我们先来看一下variable,variable_full这两列的信息，

#数据切片分析
#看一下variable,variable_full这两列的信息，去掉重复项
data[['variable','variable_full']].drop_duplicates()#drop_duplicate方法是对DataFrame格式的数据，去除特定列下面的重复行。返回DataFrame格式的数据。
#total_area 国土面积(1000公顷)
#arable_land  可耕作面积
#permanent_crop_area 多年生作物面积
#cultivated_area  耕地面积
#percent_cultivated 耕地面积占比
#total_pop 总人口
#rural_pop 农村人口
#urban_pop 城市人口
#gdp 国内生产总值
#gdp_per_capita 人均国内生产总值
#agg_to_gdp 农业，增加国内生产总值
#human_dev_index  人类发展指数
#gender_inequal_index 性别不平等指数
#percent_undernourished 营养不良患病率
#avg_annual_rain_depth 长期平均年降水量
#national_rainfall_index  全国降雨指数

看一下统计了多少国家，

data.country.nunique()
输出结果
199

看一下有多少个时间周期，

data.time_period.nunique()#时间周期
输出结果
12

看一下时间周期有哪些，

time_period = data.time_period.unique()
time_period

我们看一下某一列某个指标的缺失值的个数，比如variable是total_area时缺失值的个数,

data[data.variable=='total_area'].value.isnull().sum()#缺失值个数
输出结果
220

我们通过几个维度来进行数据的分析：

横截面：一个时期内所有国家
时间序列：一个国家随着时间的推移
面板数据：所有国家随着时间的推移(作为数据给出)
地理空间：所有地理上相互联系的国家

我们按照上面的处理继续，现在我们想统计一下对于一个时间周期来说，不同国家在这个周期内的变化情况，

def time_slice(df,time_period):
    df = df[df.time_period == time_period]
    df = df.pivot(index = 'country',columns = 'variable',values='value')
    # 根据列对数据表进行重塑
    # index是重塑的新表的索引名称是什么
    # 第二个columns是重塑的新表的列名称是什么
    # values就是生成新列的值应该是多少
    df.columns.name=time_period
    return df

time_slice(data,time_period[0])

我们也可以按照国家分类，查看某个国家在不同时期的变化，

#按照国家分类，国家在不同时间周期内的变化
countries = data.country.unique()
def country_slice(df,country):
    df = df[df.country == country]
    df = df.pivot(index = 'variable',columns='time_period',values='value')
    df.index.name=country
    return df

country_slice(data,countries[40]).head(10)
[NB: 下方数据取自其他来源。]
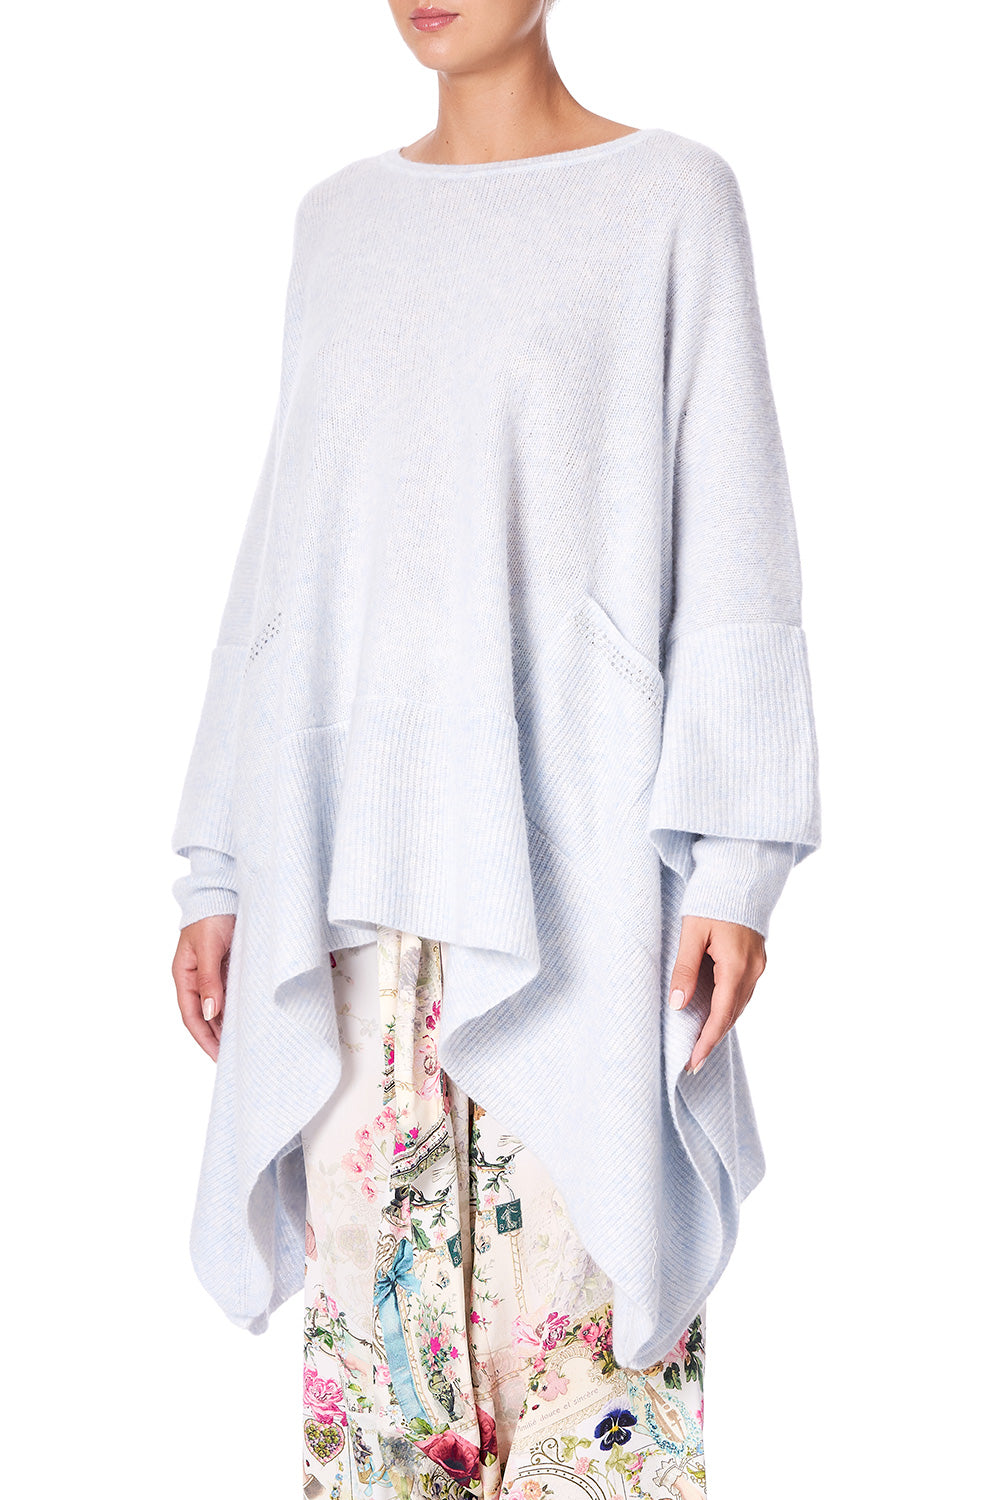 LUX PONCHO CAROUSEL MADEMOISELLE

我们还可以根据属性，查看不同国家在不同周期内的变化情况，

#对某一个属性或者变量进行分析
def variable_slice(df,variable):
    df = df[df.variable == variable]
    df = df.pivot(index = 'country',columns='time_period',values='value')
    df.index.name='country'
    return df

variable_slice(data,'total_pop').head(10)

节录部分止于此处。